Fed Raises Rates by Quarter Point, Signaling End of Tightening Cycle

Federal Reserve Chair Powell indicates inflation is easing

Five key takeaways from the FOMC decision and press conference

WASHINGTON - The Federal Reserve raised interest rates by a quarter point Wednesday, marking the first increase since March and signaling an end to the central bank's aggressive tightening cycle.

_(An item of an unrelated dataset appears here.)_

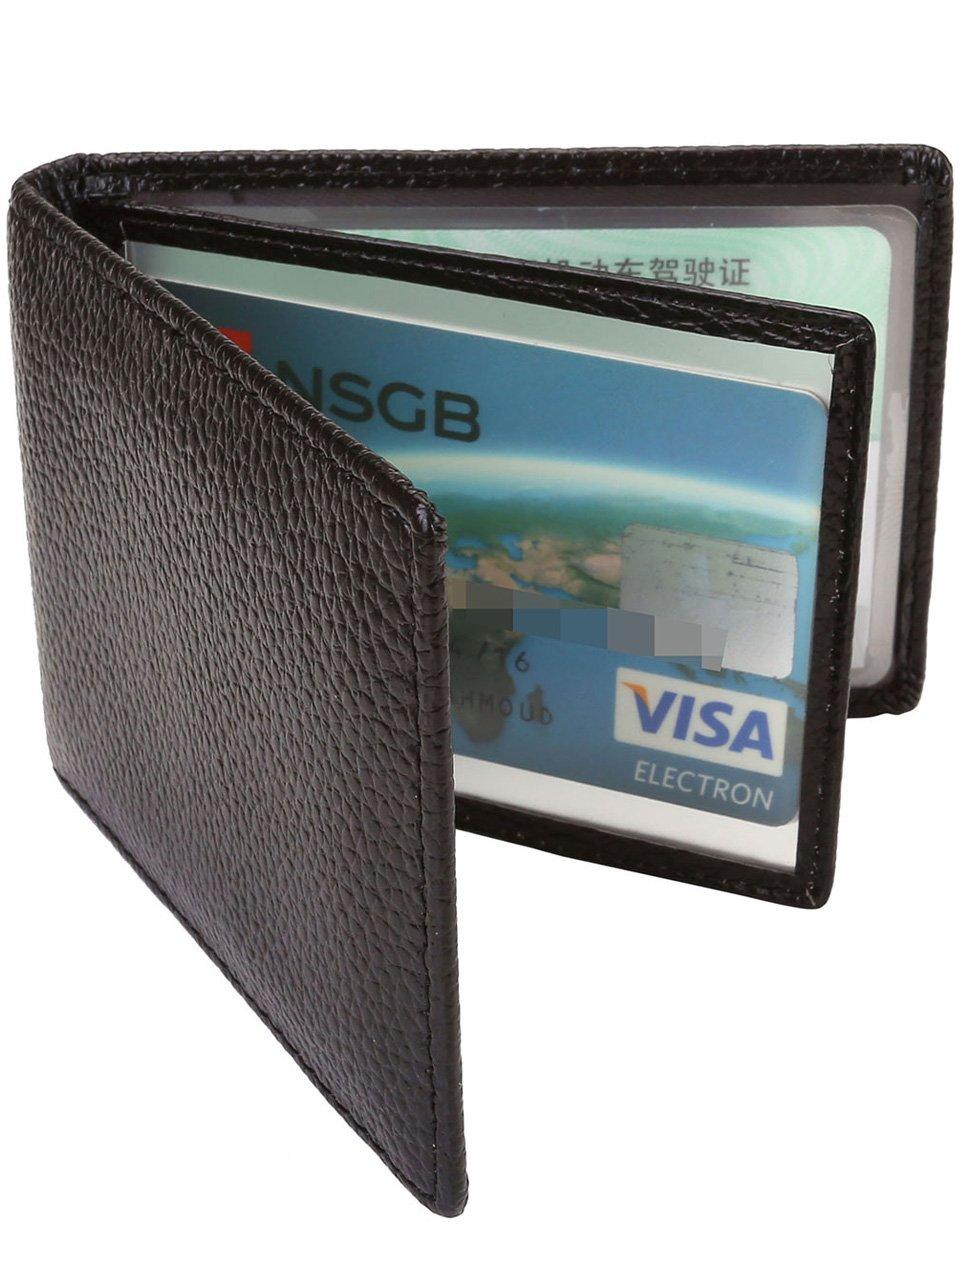 Ayliss RFID Blocking Leather Wallet Slim Minimalist Pocket Wallet Card Holder,Black

The move, which had been widely anticipated, brings the Fed's benchmark interest rate to a target range of 4.5% to 4.75%, the highest level since October 2007.

In a press conference following the decision, Fed Chair Jerome Powell indicated that the central bank is becoming more comfortable with the pace of inflation, which has cooled in recent months but remains well above the Fed's 2% target.

"Inflation remains elevated, but it is coming down," Powell said. "We anticipate that ongoing rate increases will bring inflation down to our 2% goal over time."

Here are five key takeaways from the FOMC decision and Powell's press conference:

  1. The Fed raised interest rates by a quarter point, as expected.
  2. The Fed indicated that it is becoming more comfortable with the pace of inflation.
  3. The Fed is still committed to bringing inflation down to its 2% target.
  4. The Fed is likely to continue raising rates in the coming months, but at a slower pace.
  5. The Fed's decision is a sign that the central bank is nearing the end of its tightening cycle.